Reported better-than-expected first quarter revenue and earnings Wednesday afternoon. Subscription revenue in the quarter was better-than-consensus, growing 24.5% in constant currency. NOW posted current remaining performance obligations (cRPO) of $8.45 billion, which was also above expectations; cRPO represents contracted revenue to be recognized over the next 12 months. Gross and operating margins both topped expectations. NOW provided second quarter and full year subscription revenue growth guidance with the midpoint of its second quarter’s just light of consensus and its full year’s just above. The company noted customers with annual contract values more than $1 million were 1,933, representing 15% year-over-year growth. We maintain our BUY rating on NOW.

 

Roper Technologies Inc.

(ROP)

Delivered better-than-expected first quarter results Friday morning. ROP provided second quarter earnings guidance that was a little light of FactSet consensus with full year earnings guidance of $18.15/share at the midpoint above FactSet consensus of $18.11/share. Total revenue is expected to increase ~12% for full year 2024. Sales topped expectations in all three of ROP’s segments, and the company posted organic growth of 8% in the quarter, better than the 6.9% expected. ROP’s Technology Enabled Products segment posted 17% organic growth. Free cash flow was $513 million.

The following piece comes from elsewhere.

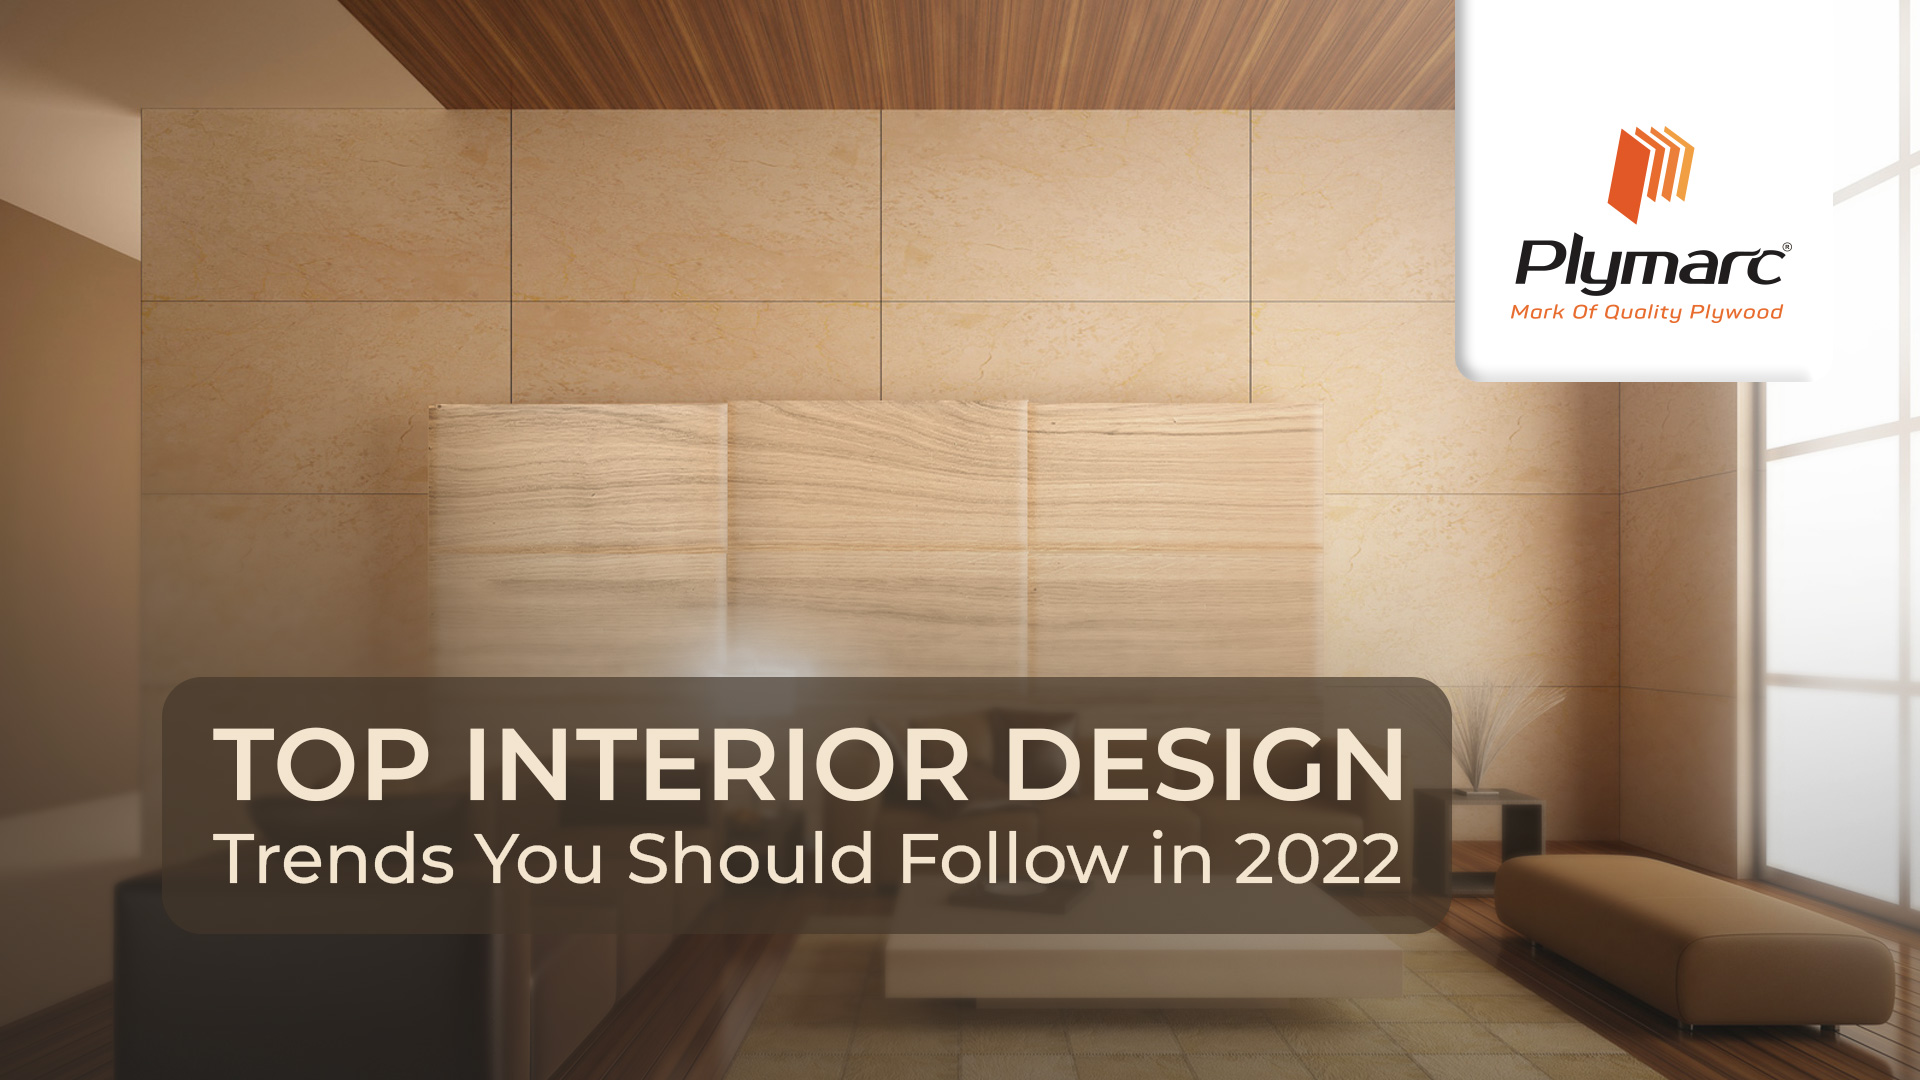 plymarc Top Interior Design Trends You Should Follow in 2022 - plymarc

We maintain our BUY rating on ROP.

 

Valero Energy Corp.

(VLO)

Posted a first quarter earnings beat Thursday morning, handily surpassing expectations. Refining throughput was 2.76 million barrels/day, above consensus for 2.68 million barrels/day. Gross margin/barrel was $14.07, which was in-line with expectations. Renewable diesel sales volumes averaged 3.7 million gallons/day and ethanol production in the quarter was 4.5 million gallons/day. VLO noted light product demand remained strong. We maintain our BUY rating on VLO shares.

 

Exxon Mobil Corp.

(XOM)

Delivered mixed quarterly results Friday morning, revenue of $83.1 billion was better than consensus of $79.7 billion but earnings were short of expectations. XOM reported production in the quarter averaged 3784 Mboe/day, below consensus for 3808 Mboe/day; liquids production was better while natural gas was light of expectations. Earnings for XOM’s Chemicals and Specialty Products segments topped estimates while quarterly profits for Upstream and Energy Products were short. XOM noted it had achieved $10 billion in structural cost savings. The company also stated it anticipates upstream earnings will growth by 50% by 2027. The Pioneer Natural Resources acquisition is expected to close this quarter. We maintain our BUY rating on XOM.